#### Data shown:
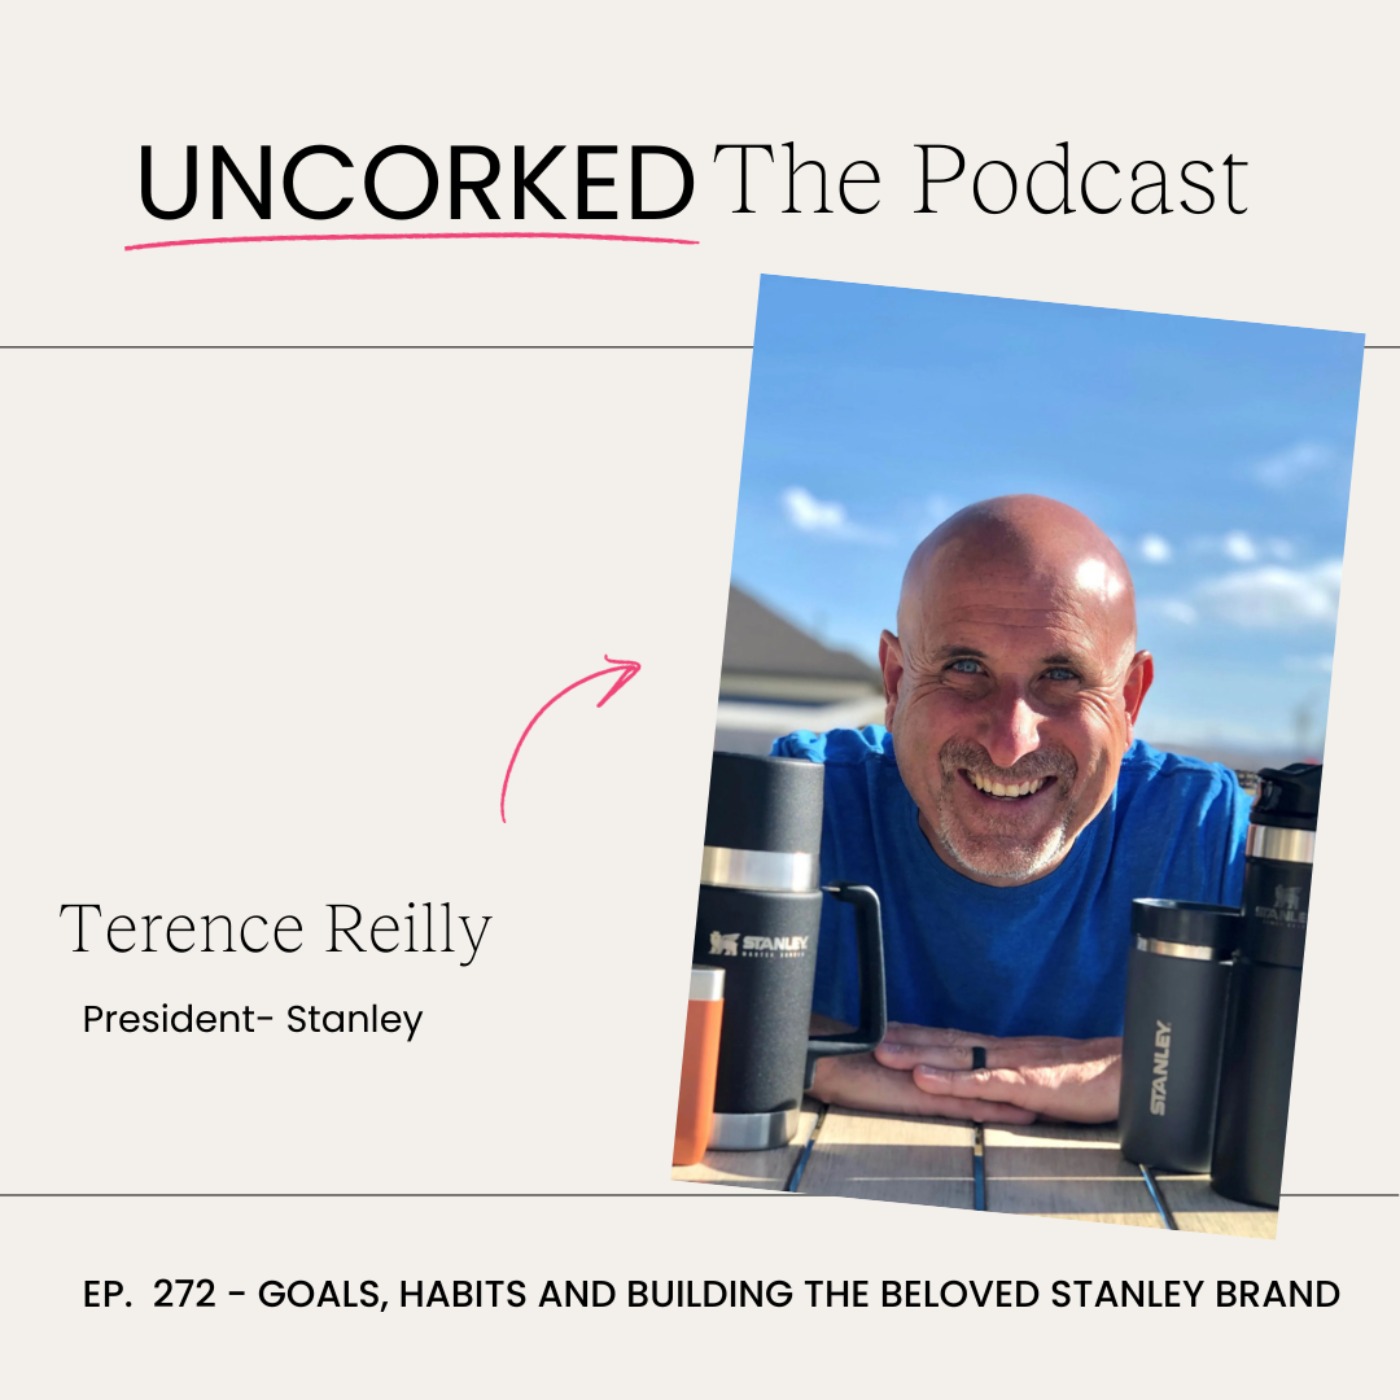 Goals, Habits and Building the Beloved Stanley Brand with Terence Reilly
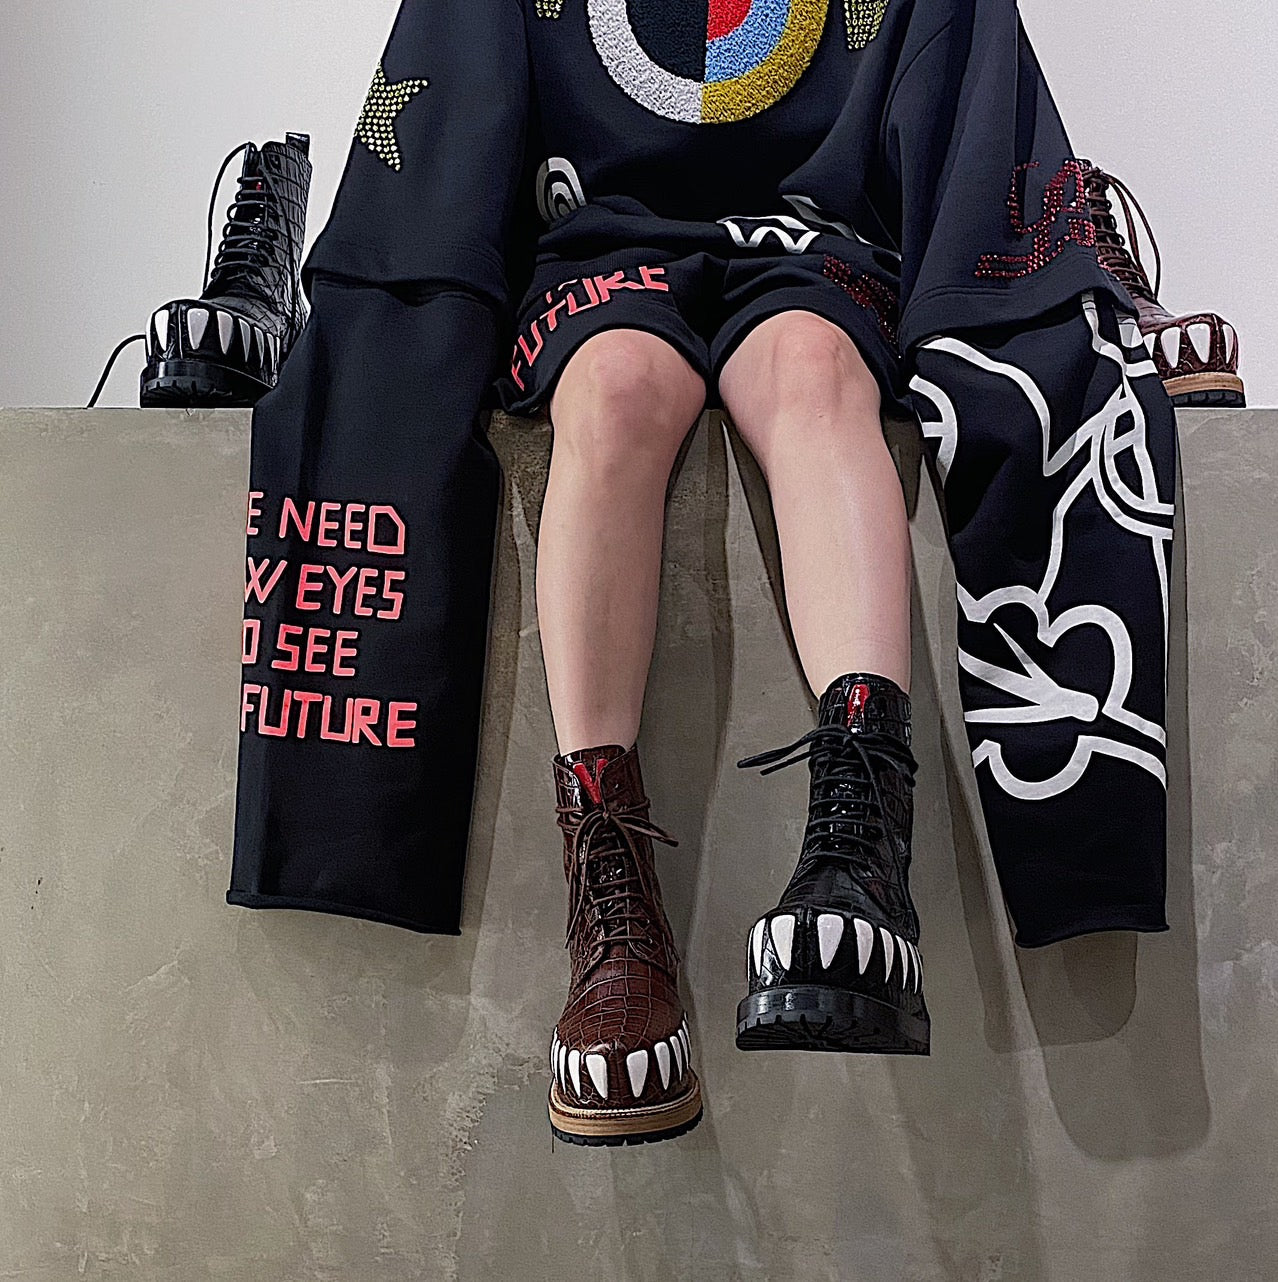 【Walter Van Beirendonck】<br> 23AW collection "WE NEED NEW EYES TO SEE THE FUTURE" is now available!
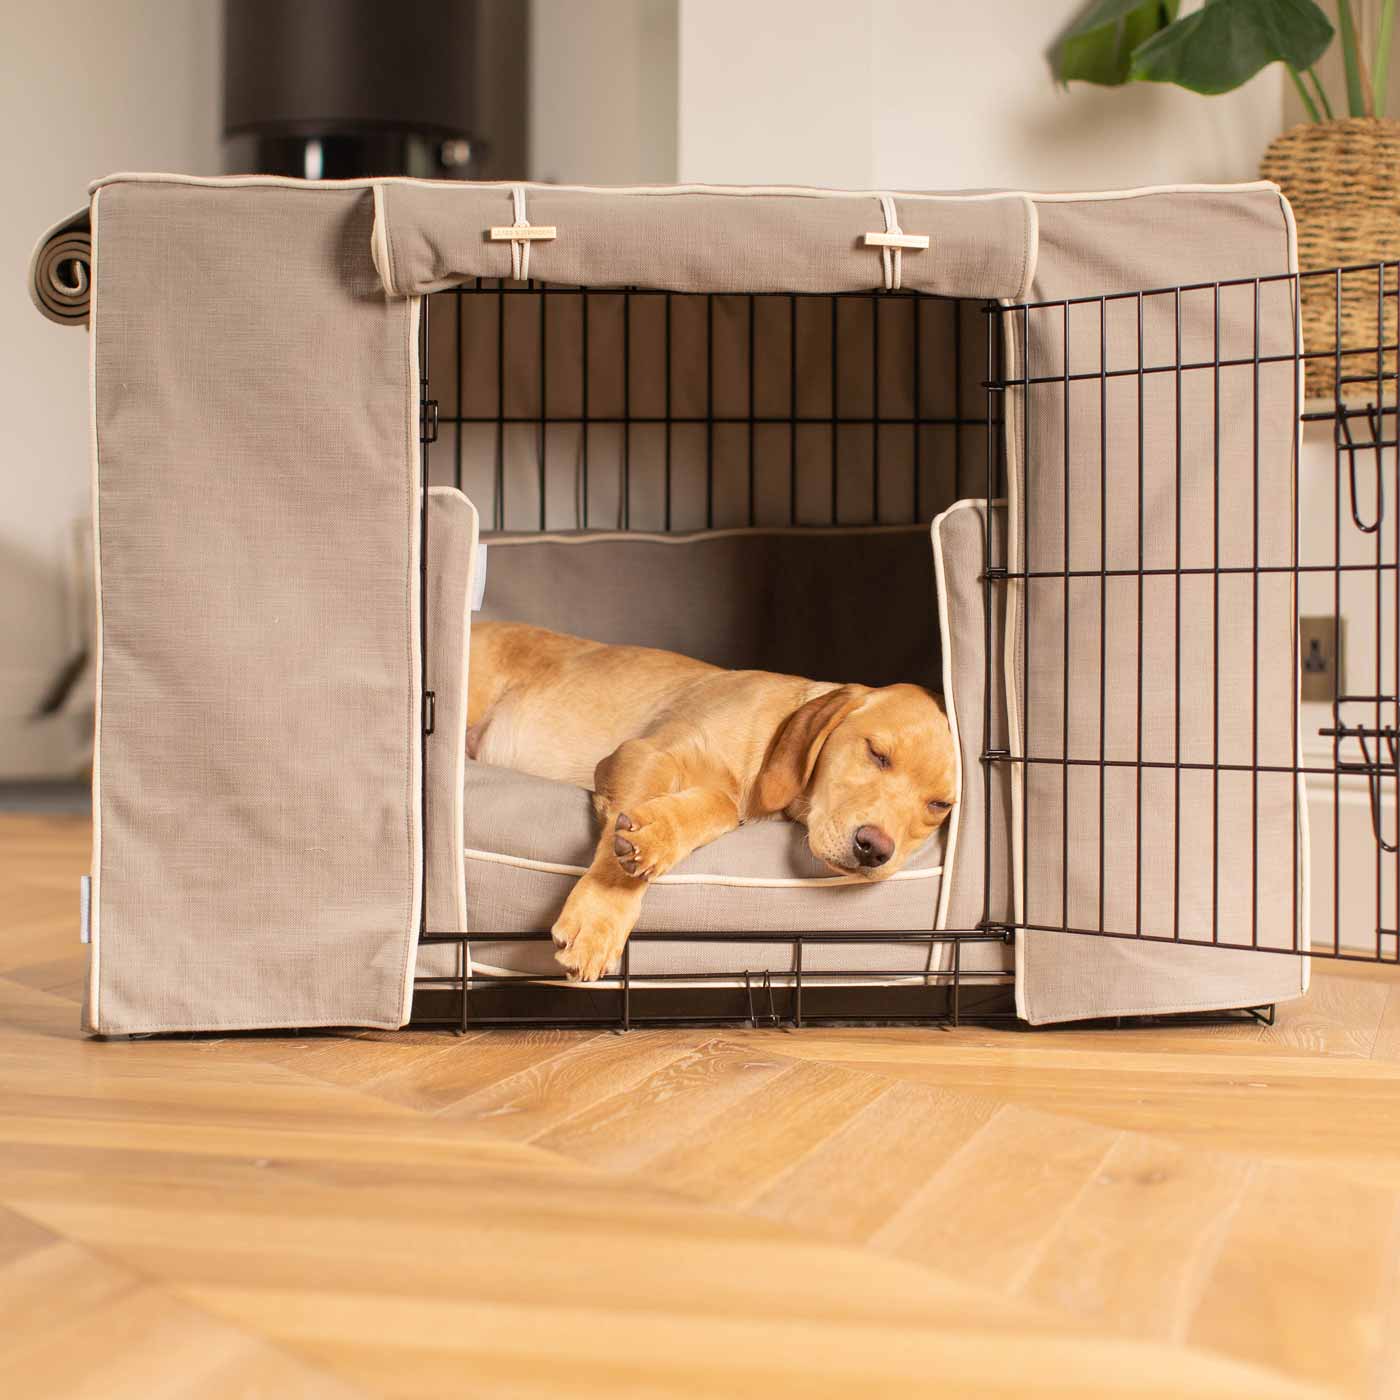 Dog Cage Set in Savanna Stone by Lords & Labradors

#### Your assignment:
Leaving out the images, repeat the listing above exactly.

#### Answer space:
 Goals, Habits and Building the Beloved Stanley Brand with Terence Reilly
 【Walter Van Beirendonck】<br> 23AW collection "WE NEED NEW EYES TO SEE THE FUTURE" is now available!
 Dog Cage Set in Savanna Stone by Lords & Labradors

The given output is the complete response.